Distributed training with PyTorch’s DistributedDataParallel (DDP) is not inherently fault-tolerant—if any node fails, the whole job crashes, and, as you noted, checkpointing cannot auto-recover the process without hypervisor or application-level orchestration. However, there are alternative frameworks and design patterns you can adopt to build a more resilient distributed training workflow.

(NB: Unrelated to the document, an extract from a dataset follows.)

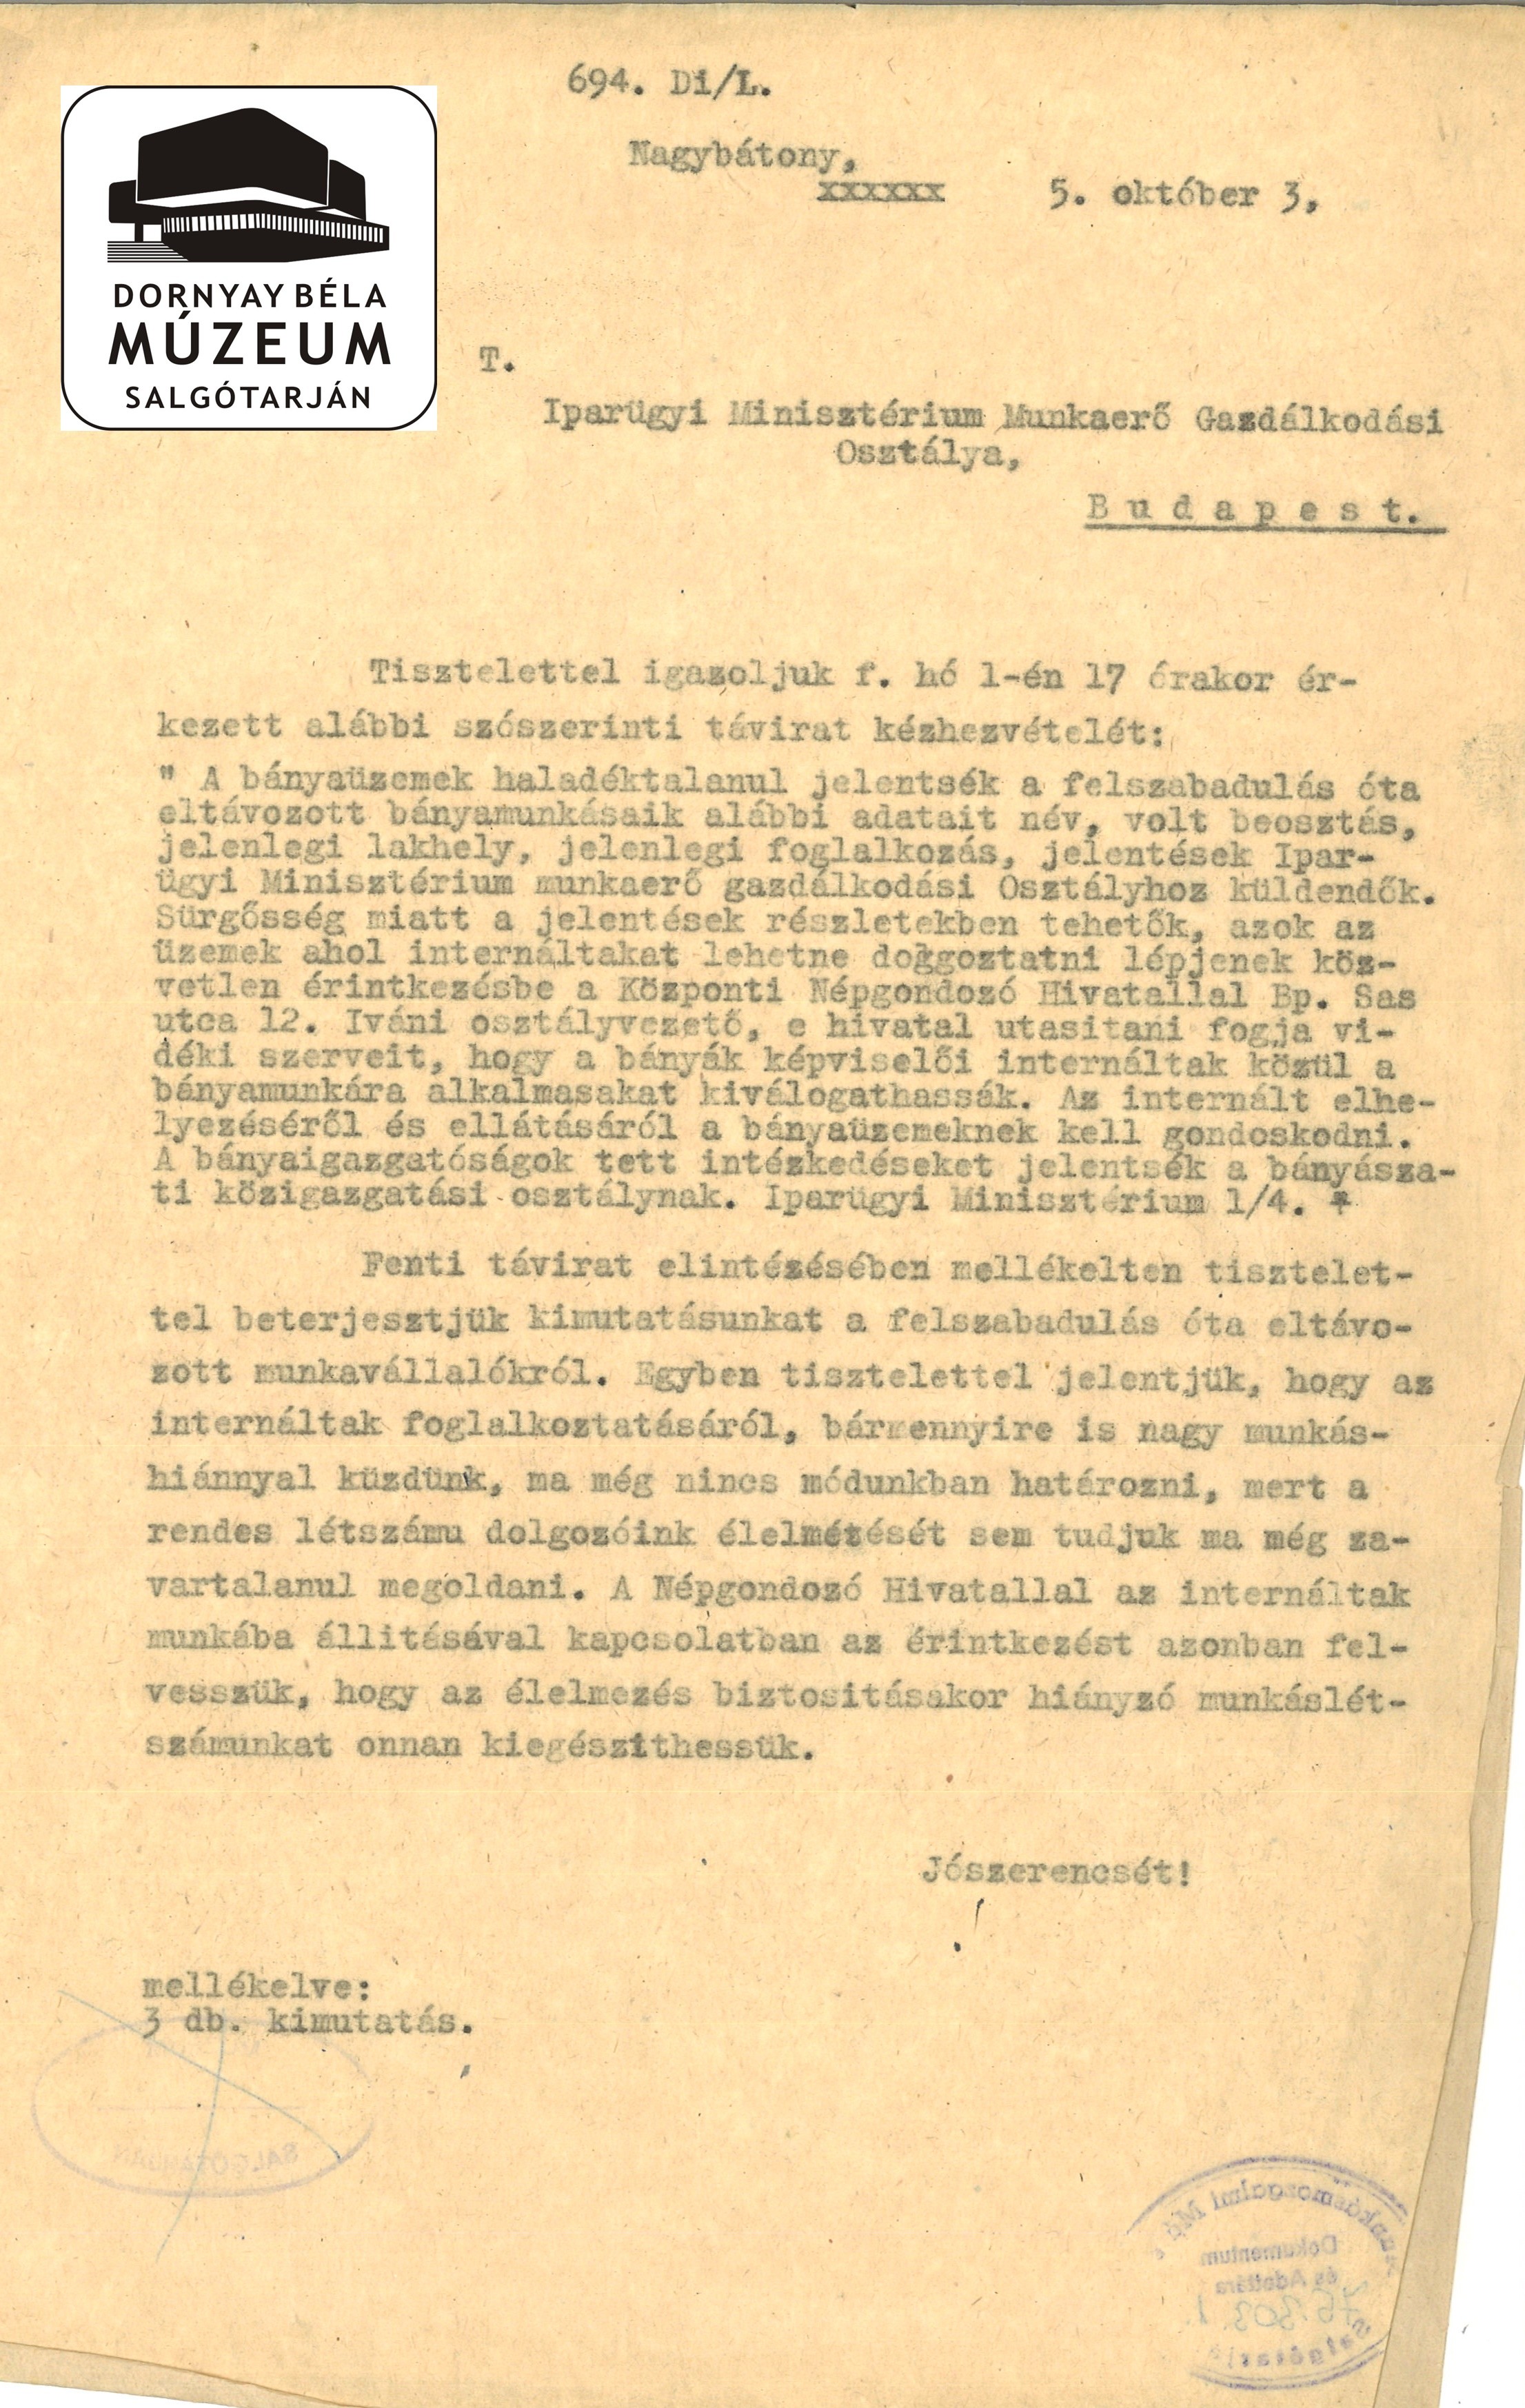 Nagybátonyi levél Iparügyi Miniszt-hez az internáltak munkába állításáról (Dornyay Béla Múzeum, Salgótarján CC BY-NC-SA)

Options for Fault-Tolerant Distributed Training
1. Horovod with Spark
Horovod, originally built for TensorFlow and Keras but well supported for PyTorch, provides tighter Spark integration. Using HorovodRunner in Spark, if a task fails, Spark can retry it based on its job-failure policies. This allows limited fault tolerance, as executors are restarted up to a threshold, but catastrophic multi-node loss or non-transient failures can still force a full restart.
2. TorchElastic/TorchRun (now Torch Distributed Elastic)
TorchElastic (recently renamed Torch Distributed Elastic) is designed specifically for elastic and fault-tolerant distributed training with PyTorch. It allows worker nodes to scale up/down during training and can restart failed workers dynamically. You can combine it with job orchestrators like Kubernetes or YARN for robust recovery and auto-scaling. It requires your training code to be "stateless enough" to resume from checkpoints.
3. Ray Train / Ray AIR
Ray is a distributed computing framework that supports fault-tolerant training for PyTorch. With Ray Train or Ray AIR libraries, failed training workers can be rescheduled automatically, and training can continue without starting over, provided you have checkpointing configured correctly. Ray’s actor model and robust orchestration give you more resilience than pure DDP.
4. Custom Job Orchestration with Checkpointing
-
Use an external scheduler (Kubernetes, SLURM, YARN) to manage jobs.
-
Save model, optimizer, and data loader state regularly on robust storage.
-
On failure, relaunch training from the latest checkpoint.
-
This gives partial recovery but is more complex and less "seamless" than Ray or TorchElastic.
Table: Distributed Libraries with Fault Tolerance
| Library/Framework |
Fault Tolerant? |
Autoscaling/Elasticity |
Easy Spark Integration |
Notes |
| PyTorch DDP |
No |
No |
No |
Any node failure kills the job |
| Horovod |
Limited |
No |
Yes |
Spark retries some failures |
| TorchElastic (Distributed Elastic) |
Yes |
Yes |
Indirect |
Best for Kubernetes/YARN environments |
| Ray Train/AIR |
Yes |
Yes |
Yes |
Checkpointing and auto-restart supported |
Recommendations
-
For maximum Spark integration and some retries: HorovodRunner on Spark – may suffice for small clusters with rare failures.
-
For fully robust, elastic, production-grade training: Torch Distributed Elastic (TorchRun) with Kubernetes or YARN.
-
For modern, Pythonic, and highly fault-tolerant distributed ML: Ray Train/AIR – supports PyTorch and Spark environments.
Each of these requires code and infra changes, but they provide the continuity and reliability missing in standard DDP setups.